Predictive Analytics

Armel Djangone
2 min readApr 16, 2021

Organizations around sectors have come to rely on the 2.5 quintillion bytes of data humans collect every day to understand their customers better, recognize behavioral trends, and make more meaningful and strategic decisions over the past decade.

These companies have evolved their data-related activities as the technologies used to capture and interpret data have advanced. Data analysts can also gain a degree of perspective beyond a summary of previous activity and instead looks ahead at potential opportunities by creatively using data.

This new application in data mining, known as predictive analytics, has effectively served several essential market needs.

When a doctor needs to estimate a new patient’s cholesterol-based solely on their BMI, a linear regression model will support (BMI). In this case, the researcher will know to enter the data the doctor collected from his 5,000 other patients into the linear regression model, including each of their BMIs and cholesterol levels. They’re attempting to forecast an unknown based on a collection of quantifiable data.

Whereas linear regression uses only numeric data, mathematical models can also make predictions about non-numerical factors. Text mining is a perfect example.

An analyst can use text mining modeling tools to comb datasets, find common symptoms in previous patients, and produce a hypothesis about what this current patient is “most likely” suffering from based on the data, particularly in complicated patient situations.

Organizations around the board, from banking to manufacturing to healthcare, are beginning to respond to this paradigm of proactive decision-making and leveraging it to their advantage:

Insurance providers will also predict whether a potential customer is a liability based on their age, medical background, and other factors.

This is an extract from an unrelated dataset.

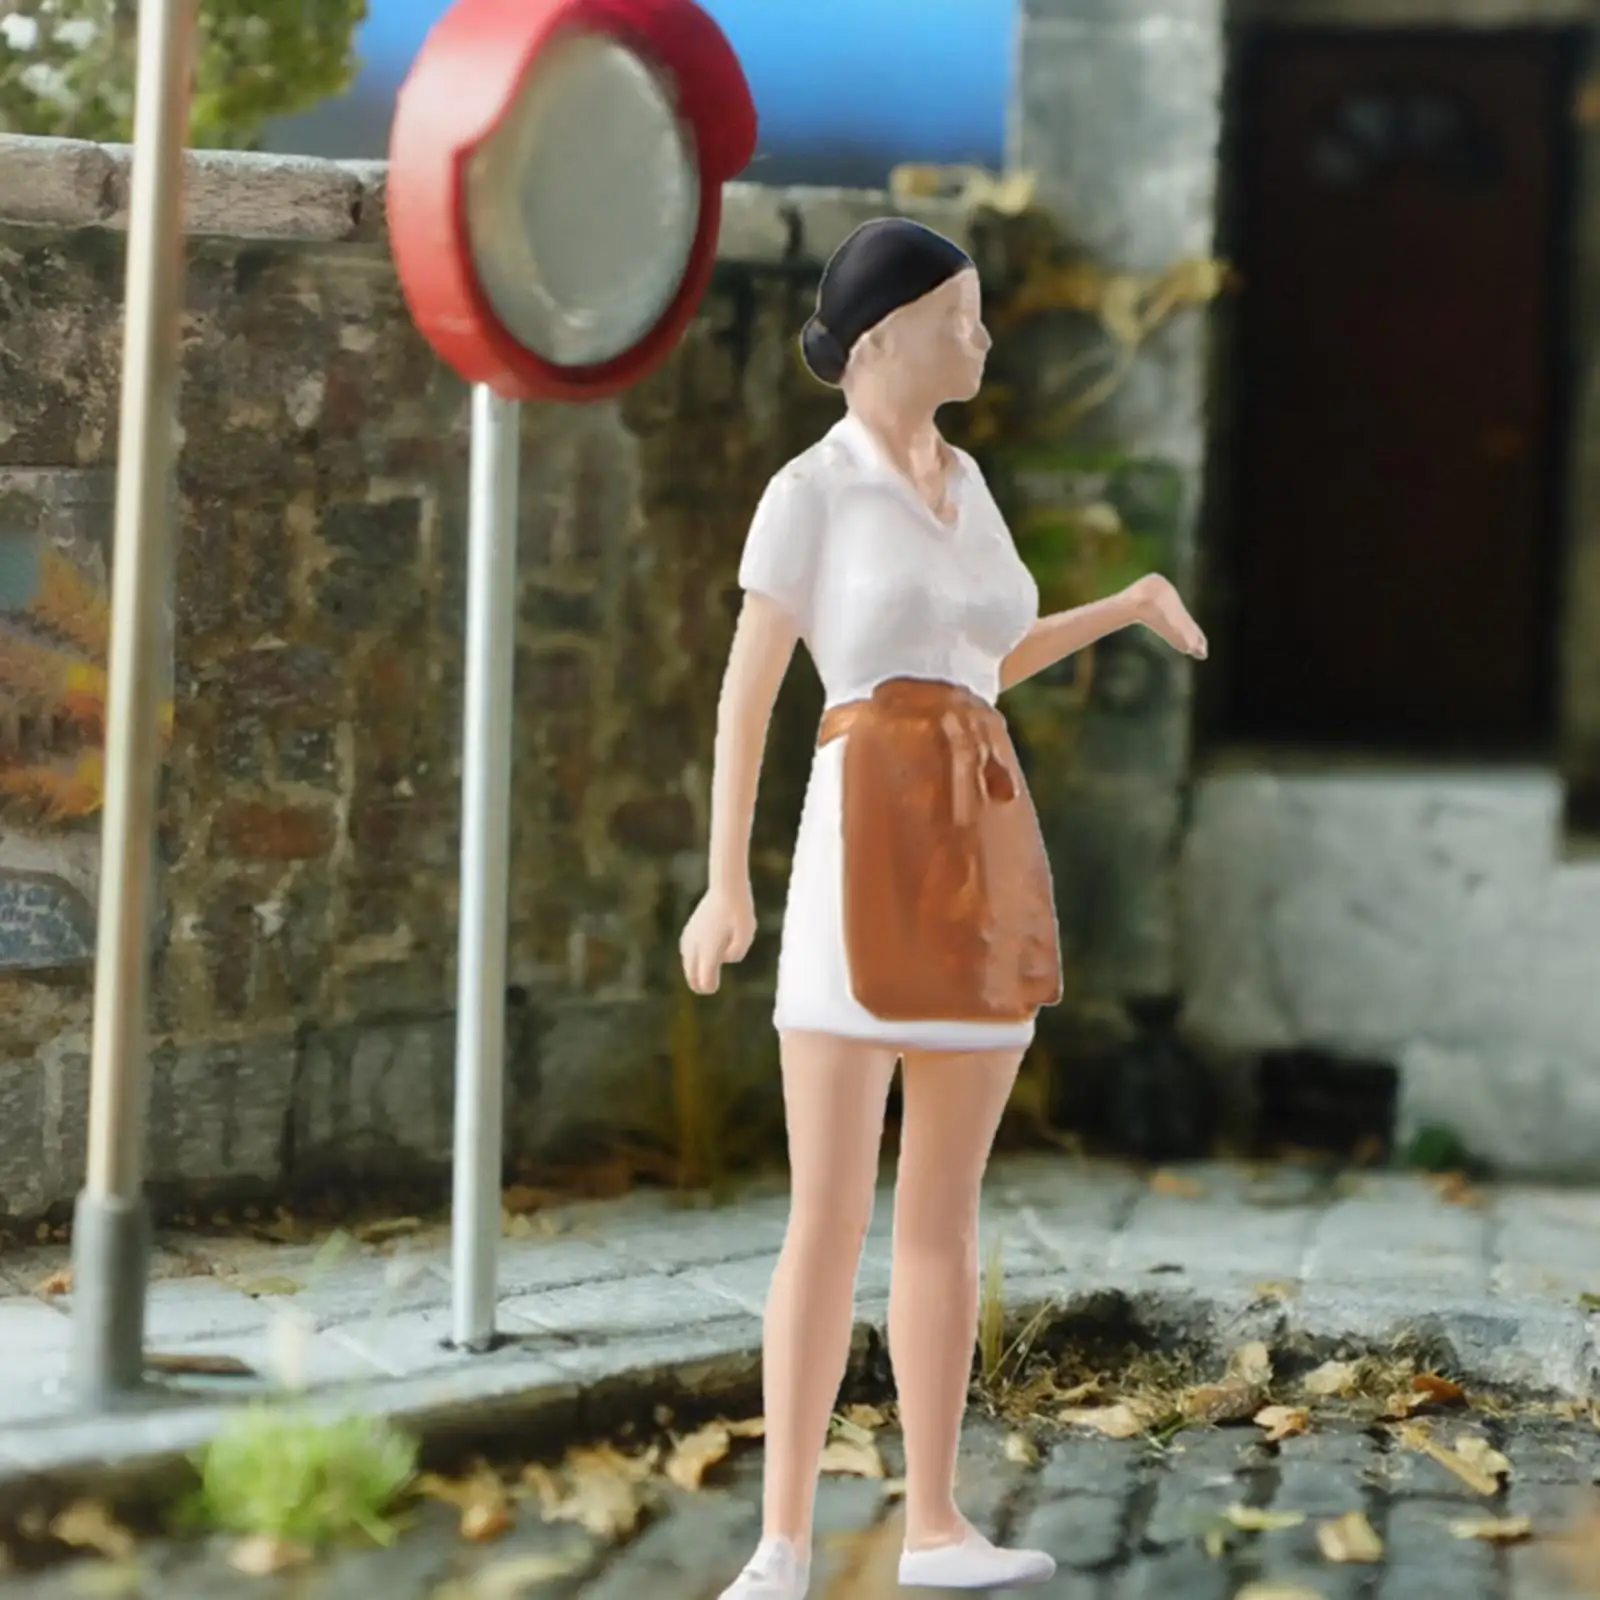 1/64 Hostess Figure Cooking Scene Miniature Mini Figurine Doll for DIY Projects Train Railway Fairy Garden Accessory Layouts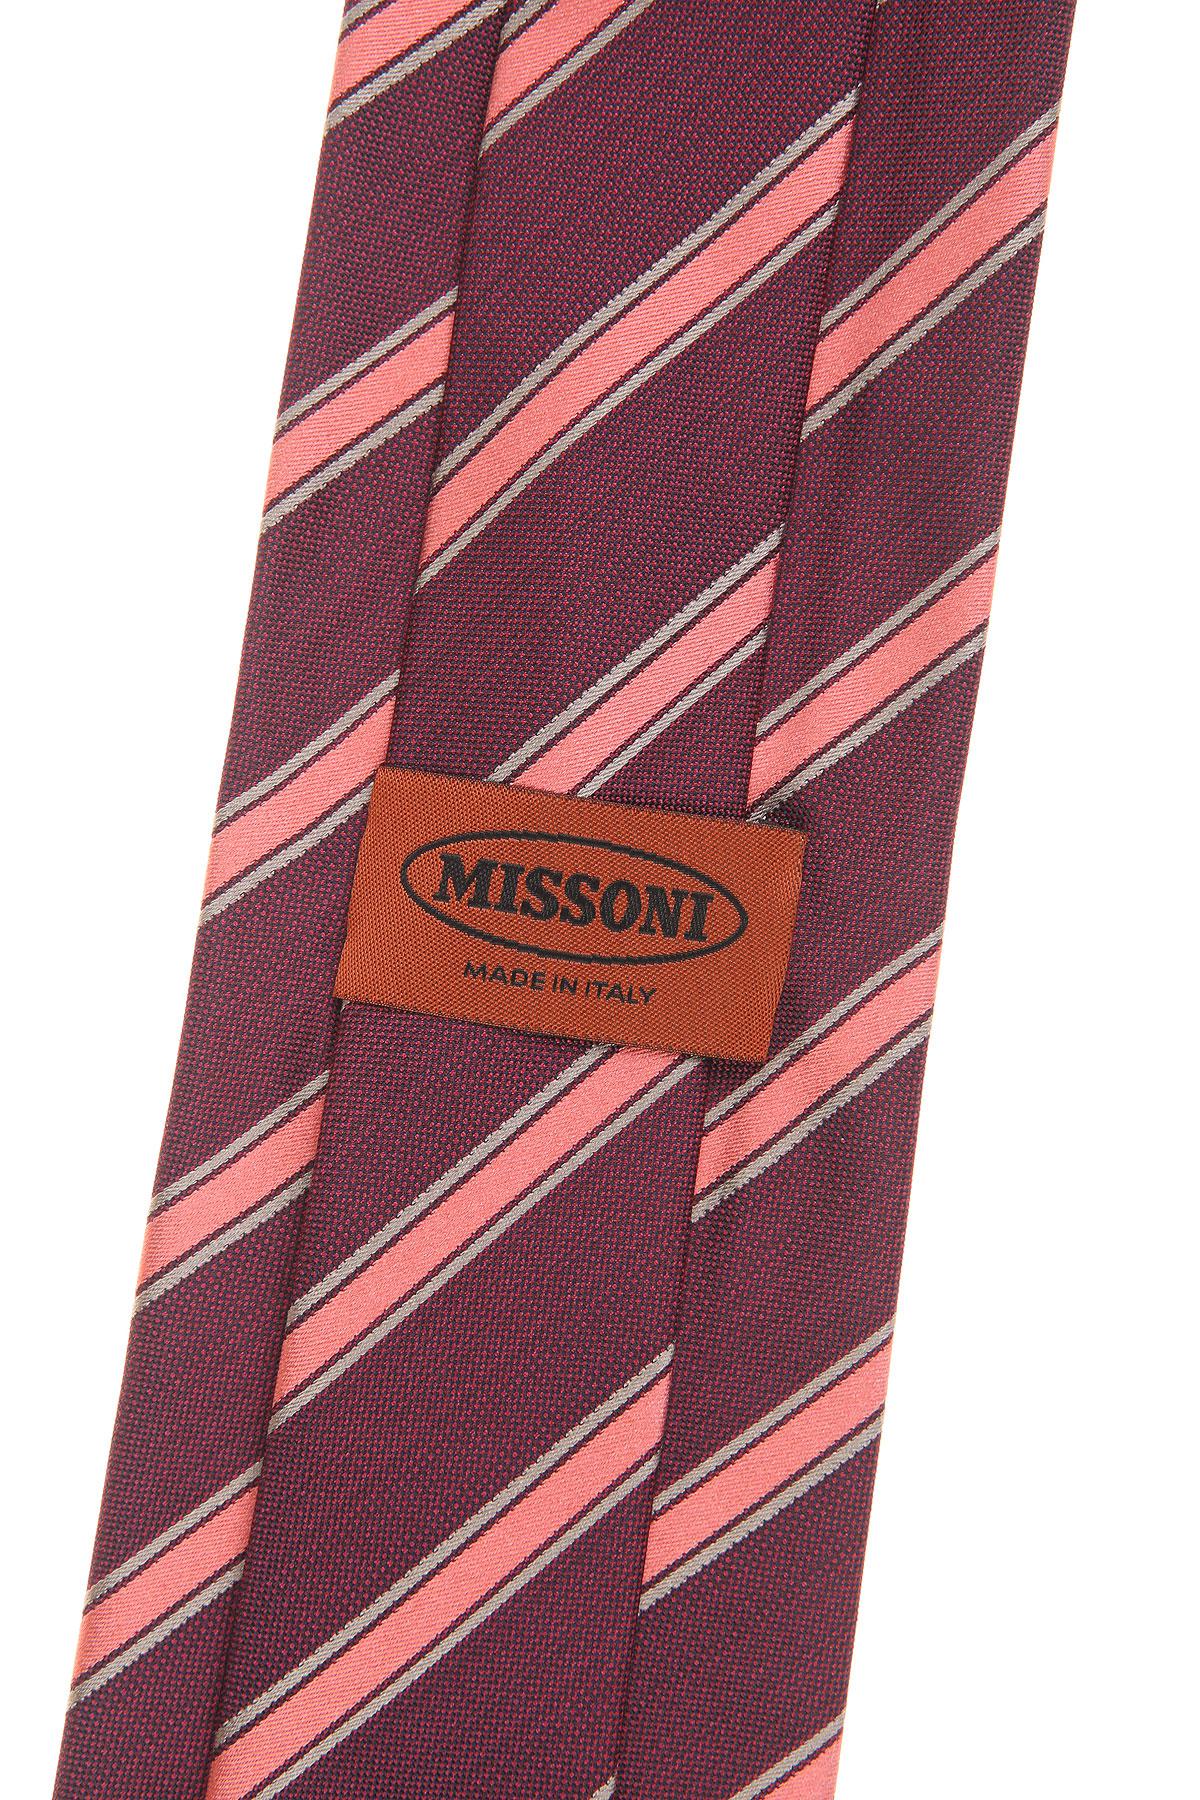 Missoni Silk Ties for Men - Save 2% - Lyst

They will use this information to make an educated decision on whether or not to protect the individual.

In the banking industry, for instance, classification algorithms mostly used for binary classification problems are useful in predicting whether a credit card application was approved or not approved.

Based on customer demographics, retailers will estimate how new products or goods will do in their local market. Then they will make informed decisions about how much inventory to have on hand.

The recent advances in statistical modeling and the overall lean into data as a prescriptive source of insight have transformed the way companies work today, regardless of industry. Businesses may use statistical modeling to make data-driven decisions, helping them to reduce risk and increase income. These developments have resulted in a general trend in decision-making that will undoubtedly continue to grow and evolve in the coming years.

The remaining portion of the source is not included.